▸ Problem statement
Please write out the lines of the data exactly, beginning with the first and ending with the line containing "Bulog Siap Serap"; leave the pictures behind.

▸ Input data
#####

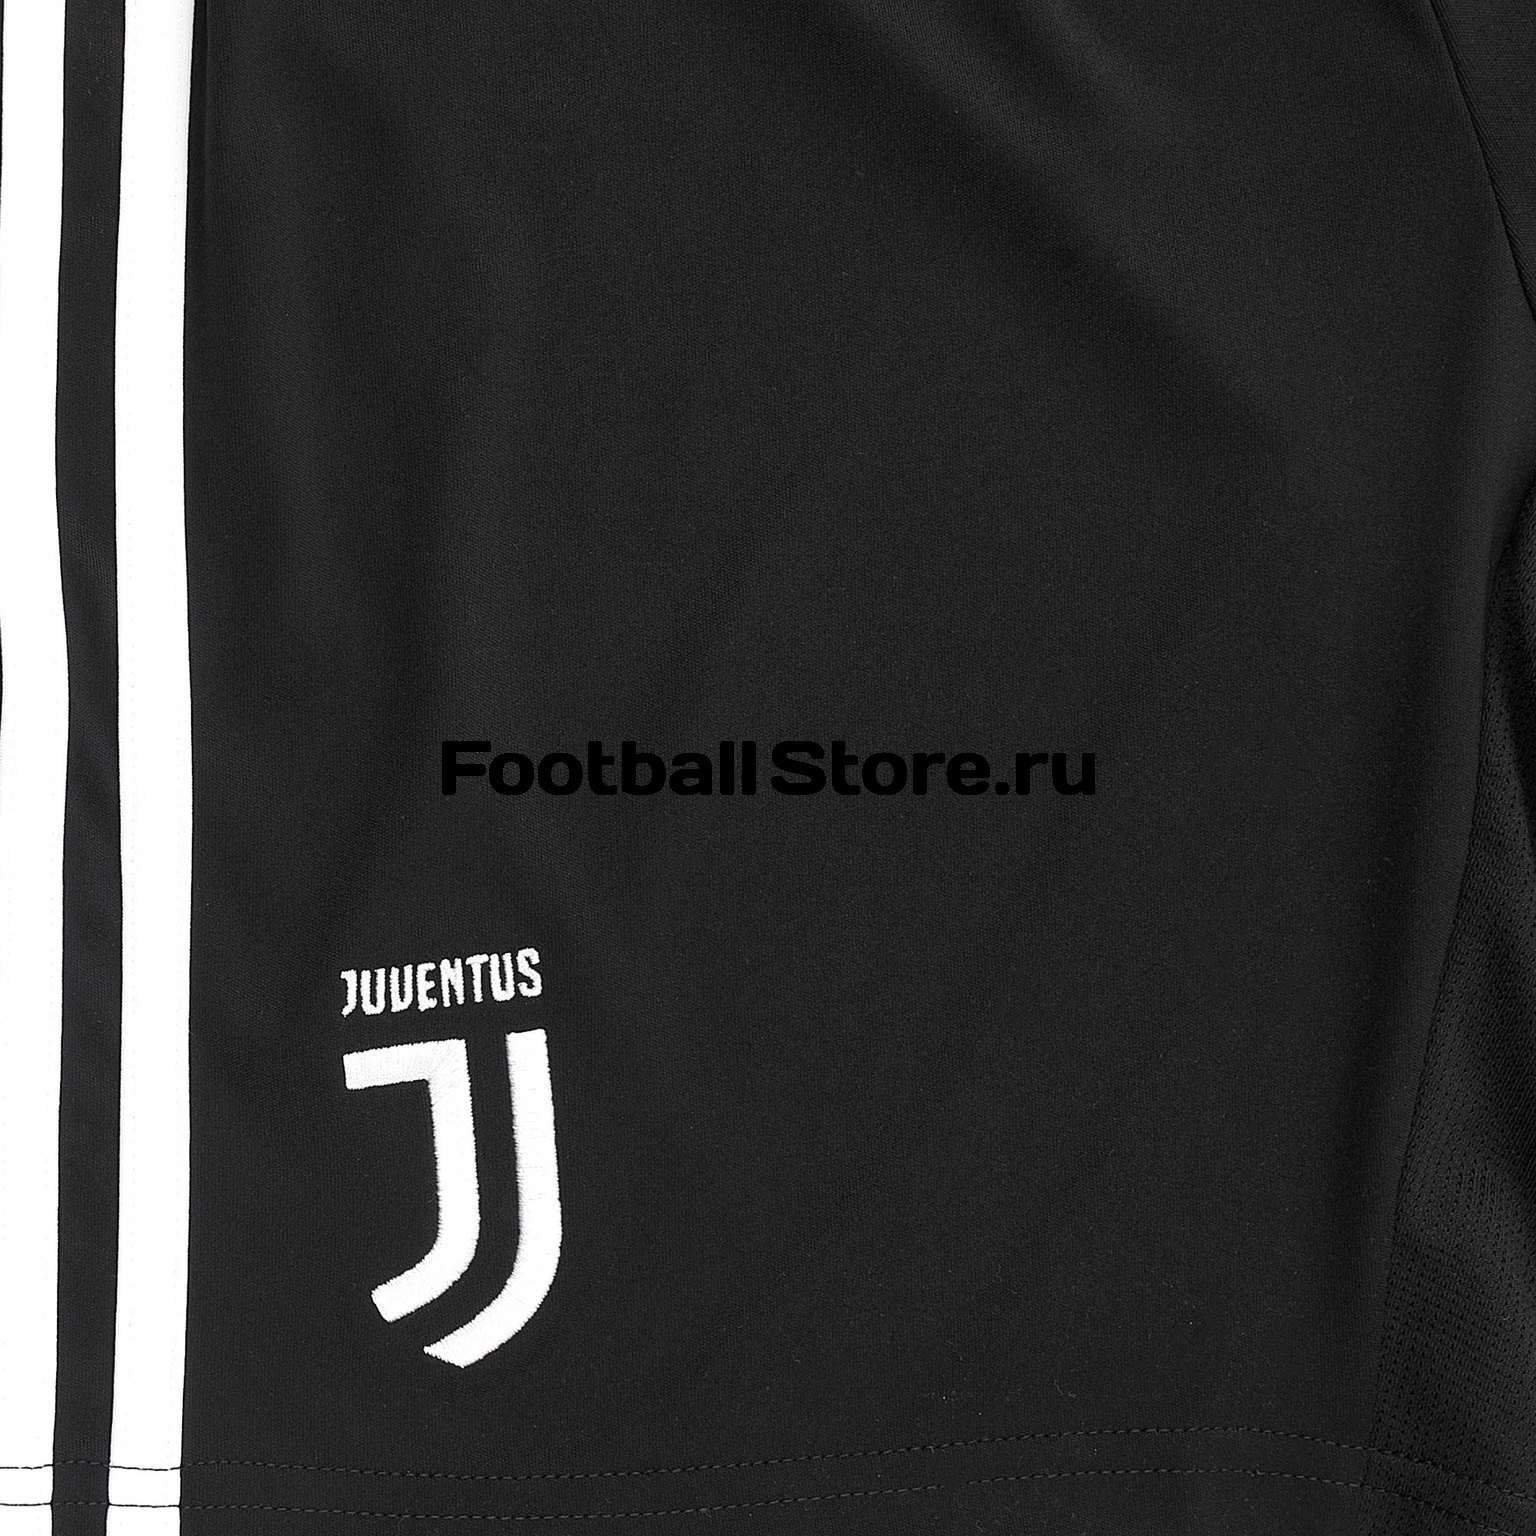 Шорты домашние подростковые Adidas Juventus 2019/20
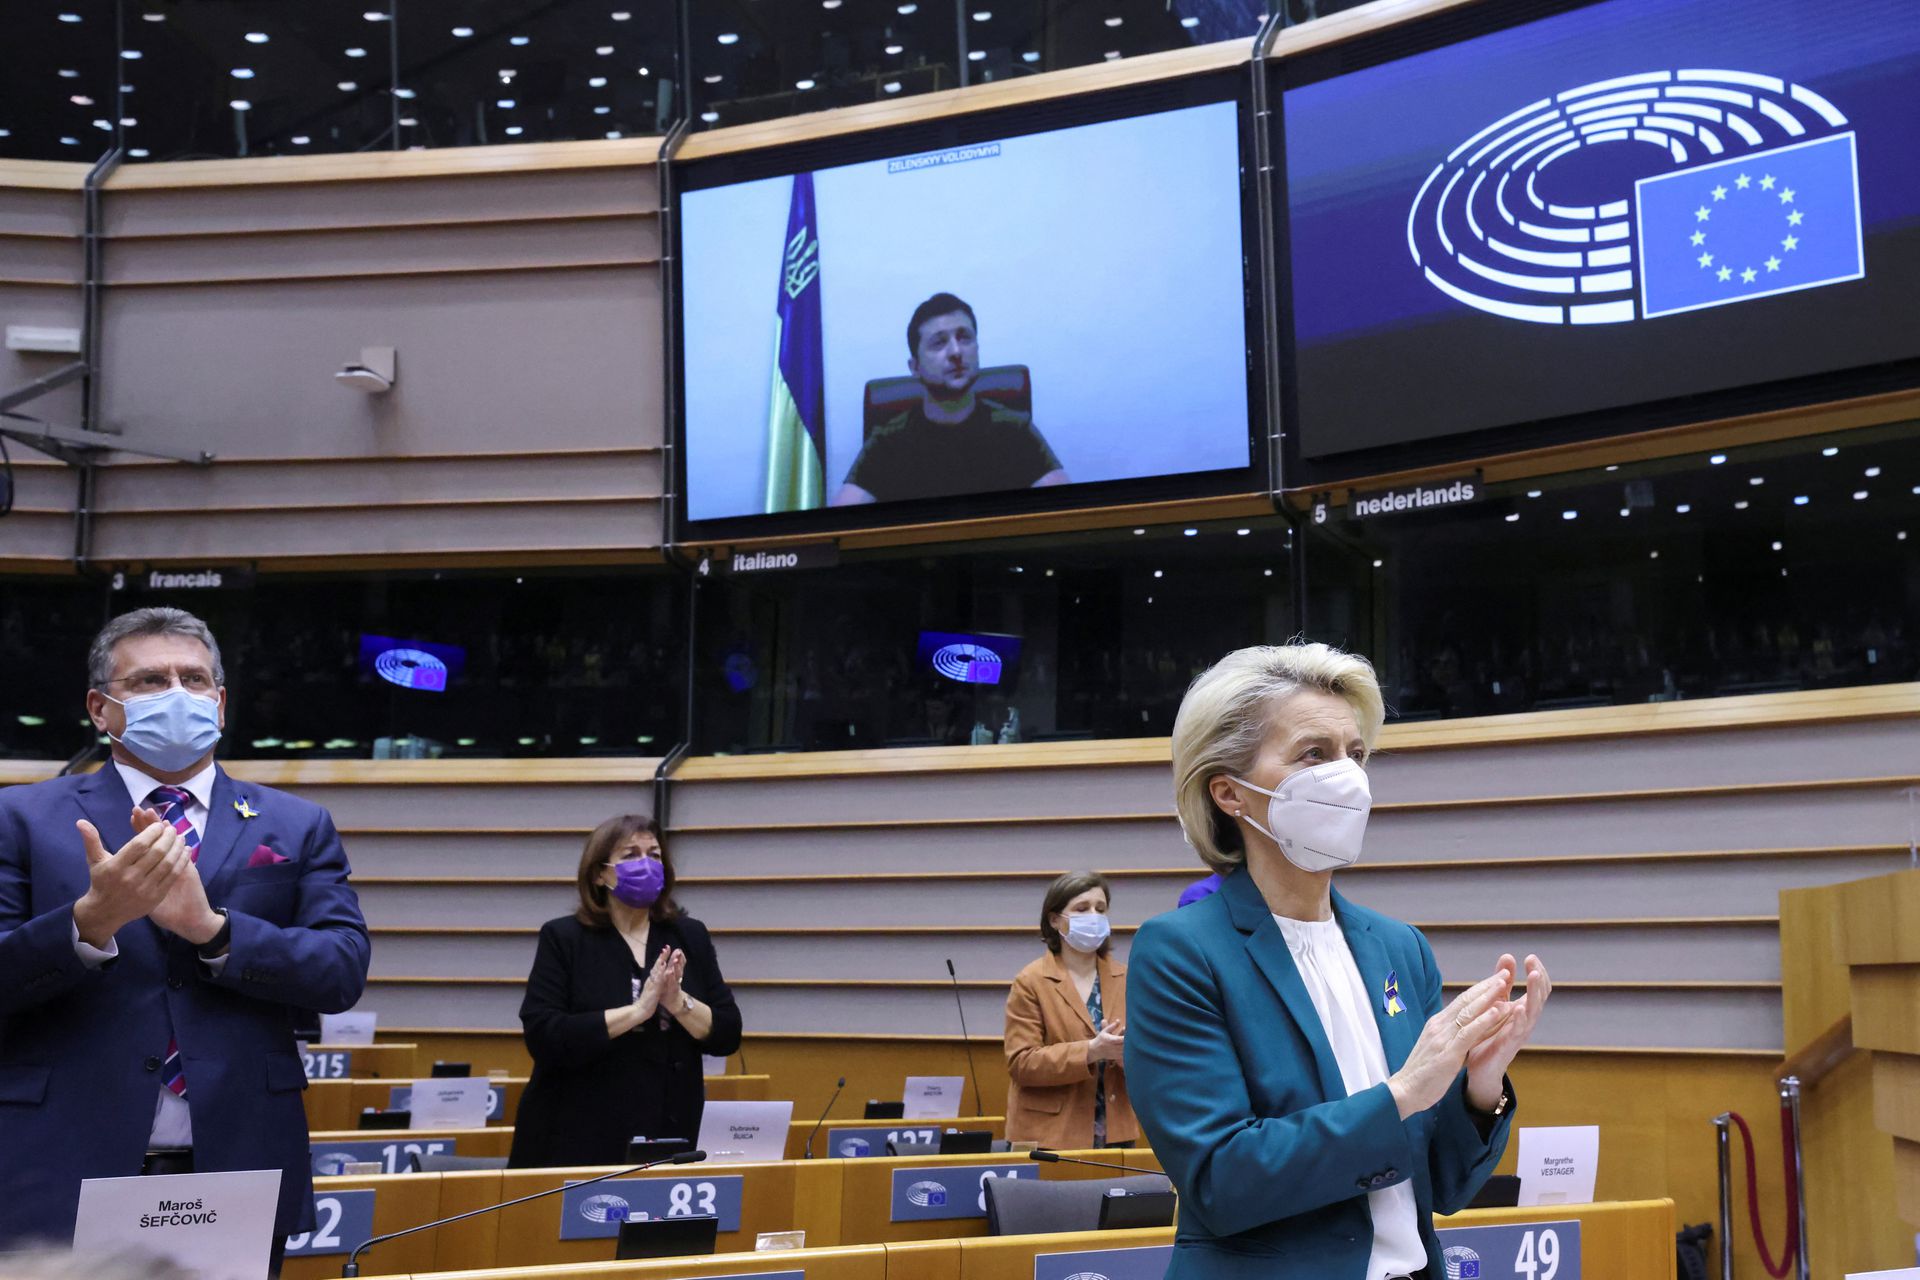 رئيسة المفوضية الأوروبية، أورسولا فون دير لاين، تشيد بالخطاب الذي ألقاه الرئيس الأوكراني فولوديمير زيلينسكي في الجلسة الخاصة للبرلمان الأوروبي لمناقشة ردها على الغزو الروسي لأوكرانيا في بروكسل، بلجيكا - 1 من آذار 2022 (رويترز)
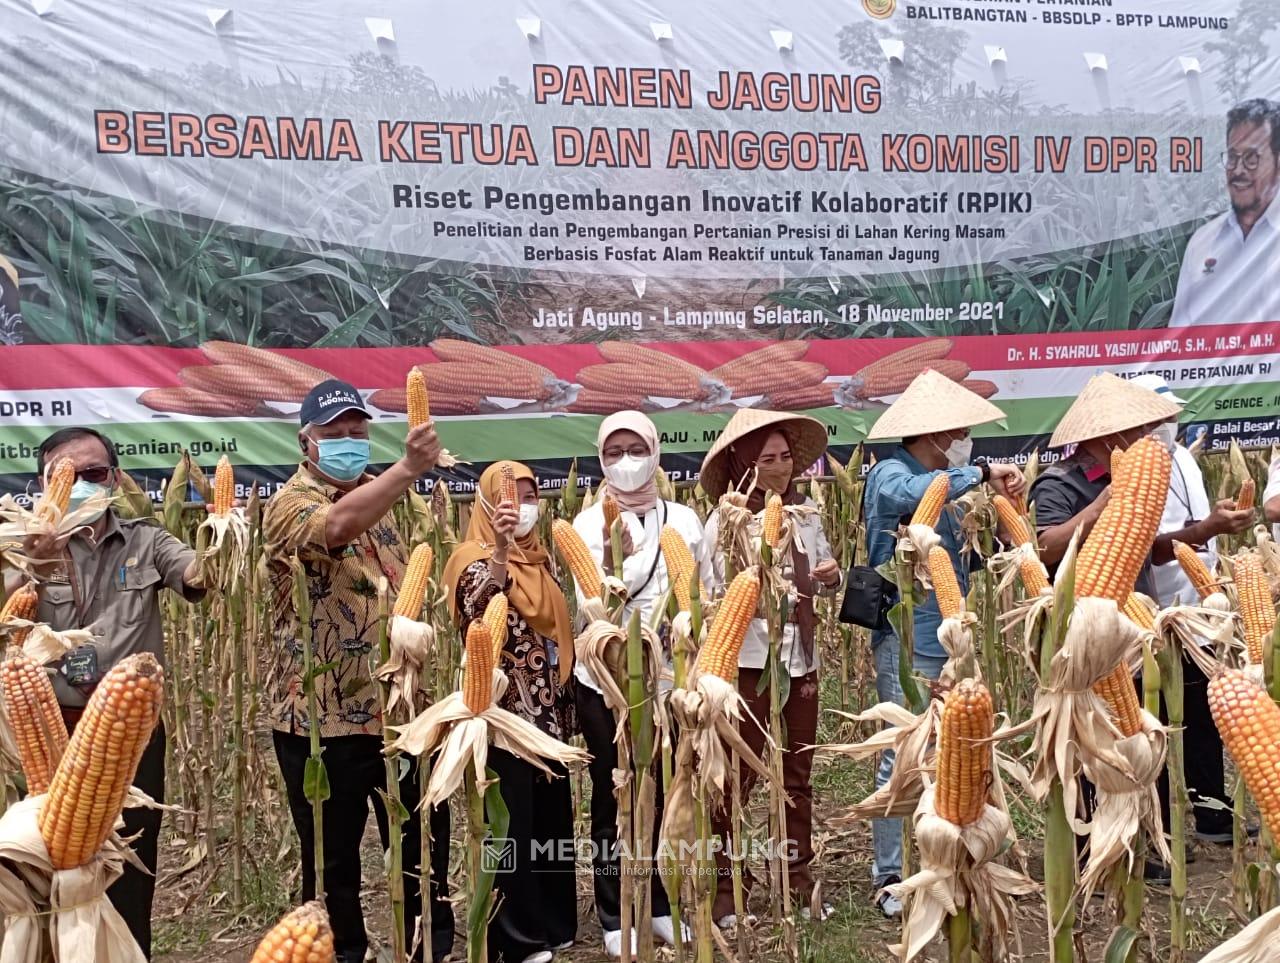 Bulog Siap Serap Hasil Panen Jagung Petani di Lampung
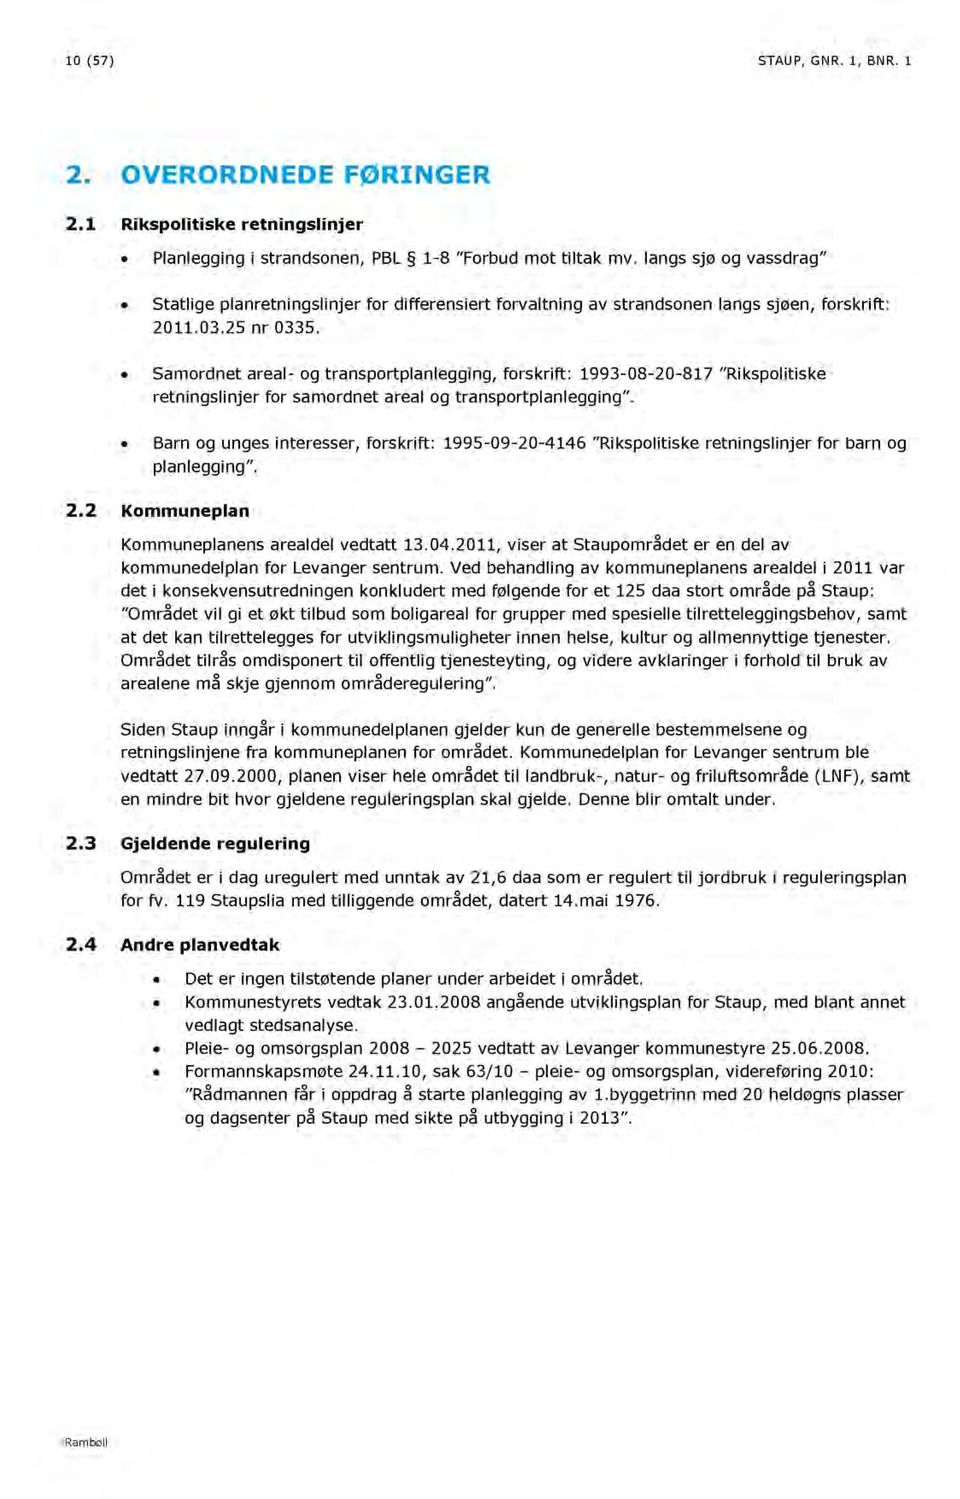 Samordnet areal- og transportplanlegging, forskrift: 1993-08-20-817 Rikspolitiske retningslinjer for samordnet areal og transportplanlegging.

#####

▸ Written response
 Шорты домашние подростковые Adidas Juventus 2019/20
 رئيسة المفوضية الأوروبية، أورسولا فون دير لاين، تشيد بالخطاب الذي ألقاه الرئيس الأوكراني فولوديمير زيلينسكي في الجلسة الخاصة للبرلمان الأوروبي لمناقشة ردها على الغزو الروسي لأوكرانيا في بروكسل، بلجيكا - 1 من آذار 2022 (رويترز)
 Bulog Siap Serap Hasil Panen Jagung Petani di Lampung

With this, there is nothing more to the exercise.